L’épicerie africaine c’est trop cher. […] C’est cher. […] C’est cher, mais on n’a pas le choix. […] on connait juste ça. [Wivine, participante, F., 31-35 ans, 16 années.]

Si on avait du temps [pour fréquenter] les Québécois, on pourrait voir comment ils préparent, mais on n’a pas le temps. Tous les jours, on va à l’école. Ou voir comment ça se passe chez les Québécois. [Aminata, participante, F., 41-45 ans, 1 année.]

Parce que nous on mangeait [de la nourriture] africaine. On ne savait pas où acheter [la nourriture]. Ça nous a pris des années avant de savoir où on peut acheter de la farine, où on peut acheter du poisson. [Wivine, participante, F. 31-35 ans, 16 années.]

Quelques femmes ont également mentionné le manque d’informations concernant différents usages quotidiens. Par exemple, elles ne savaient pas comment faire l’entretien ménager de leur logement et le nettoyage des électroménagers. Dans leurs expériences en Afrique, les toilettes sont en réalité des sanitaires qui se trouvent à l’extérieur et qui ne nécessitent aucun entretien. De plus, la cuisine se fait dans la cour arrière et sans appareils ménagers. En ce qui concerne les électroménagers, plusieurs participants n’en avaient jamais utilisé dans leur pays d’origine ou dans les camps de réfugiés. Ainsi les modes d’emploi et leur entretien leur étaient inconnus à leur arrivée.

Et puis aussi le problème.
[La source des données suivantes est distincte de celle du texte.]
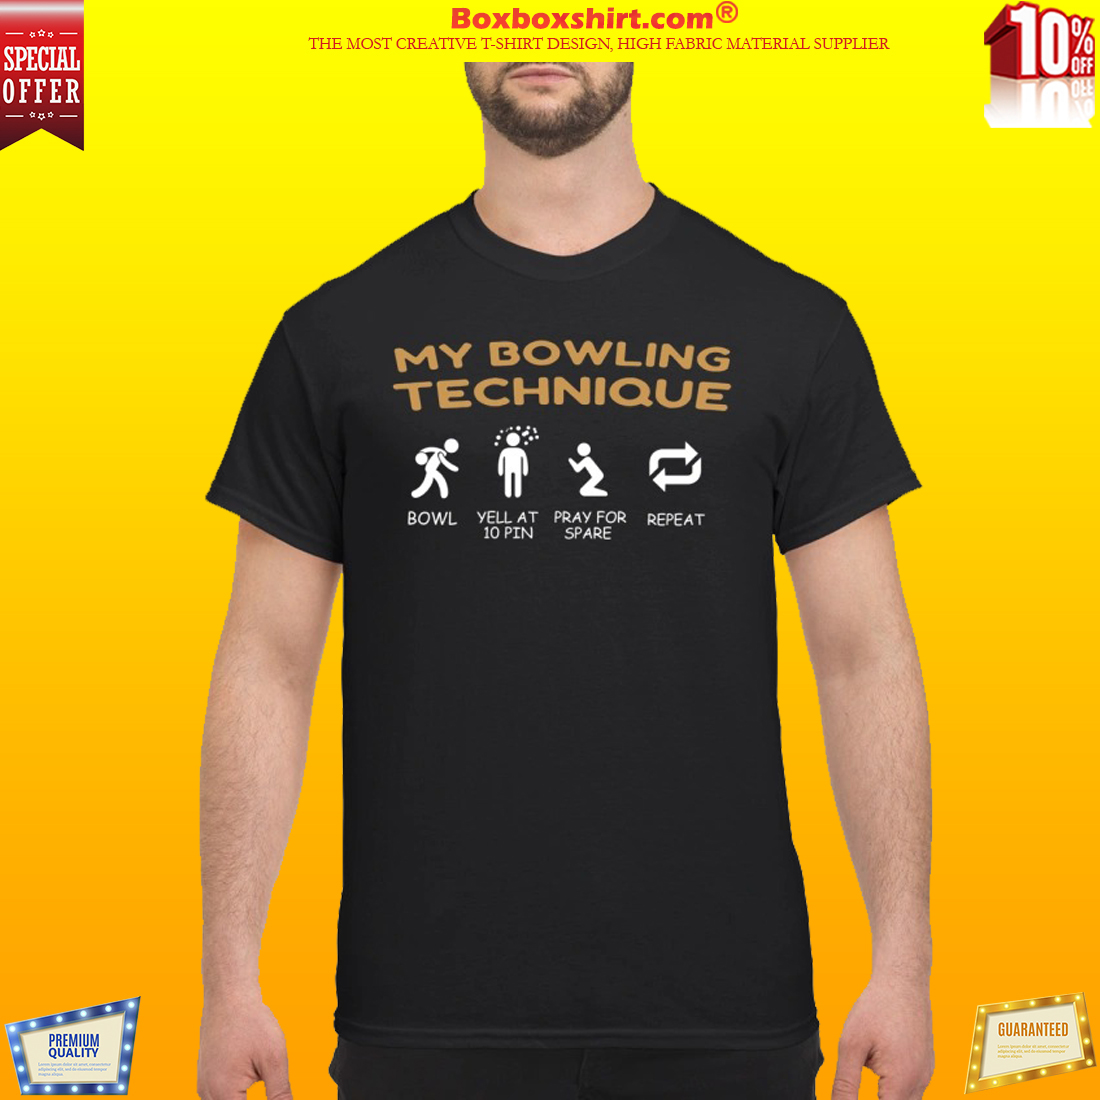 My bowling technique bowl yell at 10 pin classic shirt

Ils nous accueillent bien, ils nous donnent des meubles, les meubles en Afrique on n’utilise pas ça. Ils devraient nous former d’abord comment nettoyer la maison, comment faire le ménage, tout ça là. C’est ça qui est très important pour nous. Parce que là-bas, la maison est construite par des murs, des briques là. Mais ici ce n’est pas ça. Les planchers chez nous, il n’y a pas de plancher. Là quand nous sommes arrivés on devait [apprendre à connaître] les produits pour nettoyer, comment nettoyer les planchers, comment nettoyer la salle de bain. Comment arranger les chambres, tout ça. Ils nous laissent comme ça. [Aminata, participante, F., 41-45 ans, 1 année.]

La majorité des participants a été complètement désorientée à l’arrivée et pendant les années subséquentes. Les personnes ont rencontré différents obstacles énumérés ci-dessus et bien plus encore. Elles auraient eu besoin de plus d’accompagnement dans les premiers jours qui ont suivi leur installation dans la ville de Québec afin de posséder une meilleure connaissance des modes de vie et des valeurs québécoises. Les participants auraient souhaité plus de soutien dans le développement de leurs réseaux sociaux, davantage d’accompagnement linguistique, de l’appui pour différents usages quotidiens, une meilleure connaissance des divers services publics, des ressources et des commerces de leur quartier et plus encore.